# On this day in 1994...



## paula bedard (Feb 5, 2008)

...a litter of pups was born to friends of friends of mine. In that litter was a little runt male that no one wanted. 

Earlier that same summer our 9 year old daughter Noelle had broken her arm. For years she'd been asking for a doggie and drawing pictures of a gold colored female doggie named Sammie. Sammie was all this 9 year old could think about. She wanted a puppy! Daddy you see, was not a dog person. He did though have a huge soft spot for Daddy's little girl, and usually Daddy's little girl got what she wanted...except for a puppy. Daddy was adament that we would never get a dog! That was until Daddy's little girl broke her arm. And, how does Daddy make it all better? He promises her a puppy when her arm is healed and strong again.

The plan was to rescue a pup from the pound but as fate would have it, friends of friends of ours had a litter of 'yellow labs'. Well, Noelle's arm had to be set and reset, which put us behind schedule of getting her puppy and put a huge damper on her summer fun. We told the friends of friends we had to wait, which was fine since the 'yellow lab' pups were still too young to go to their new homes, and we took a trip to the beach instead. (Pics of Noelle with her hot pink cast are in Sammy's Scrapblog below) In late September, the cast came off, Noelle's arm was a little crooked but very strong, and it was time to go visit the litter of 'yellow lab' puppies! 

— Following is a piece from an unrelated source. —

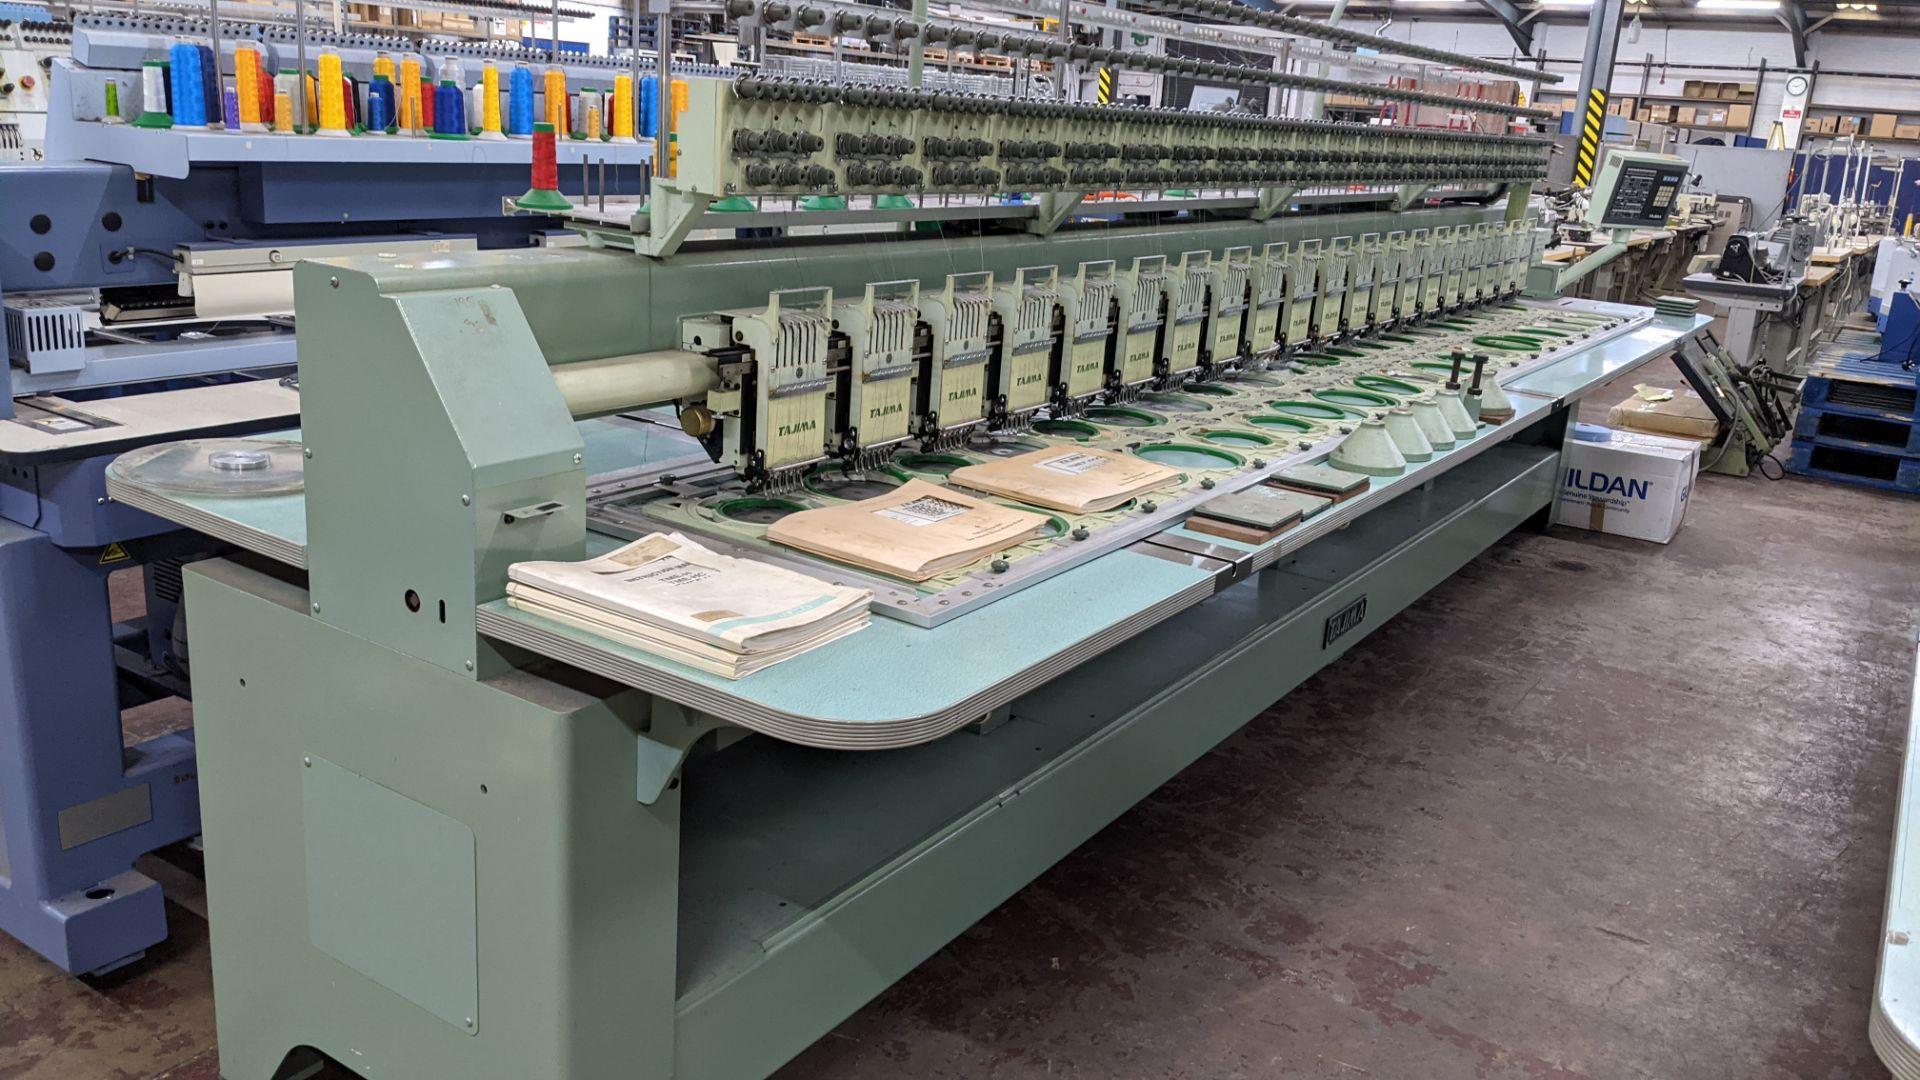 Tokai Tajima electronic 20 head automatic embroidery machine model TMEF-H620 - Image 13 of 25

Well...we arrive at the friends of our friends house and to our surprise, the Lab puppies are not Lab puppies but Golden puppies!!! I did not want a Lab, I don't care for short haired dogs, so I'm grinning ear to ear when I see that we're getting a Golden!!!!! 

Noelle had her heart set on a female, as did I really, but there is only the runt male left. A tiny little red guy that everyone else had overlooked and cast aside for the bigger blonder pups. We take 'little red runt' out into the their front yard and play with him for a few minutes. He's trotting between our legs and tugging on my hubby's shoelaces. He manages to untie hubby's shoe and that's it, we're in love with our little red runt. The name Sammie was a must. Noelle's dream puppy was always to be named Sammie...thank goodness it can be both male and female. =) So, on this Sunday in late September 1994 Master Samson of Kent (born on Kent Island, MD) became our 'Sammi'. We still could not bring him home, but the papers were signed, the deposit was made, and we were going to be a Dog Family now!!!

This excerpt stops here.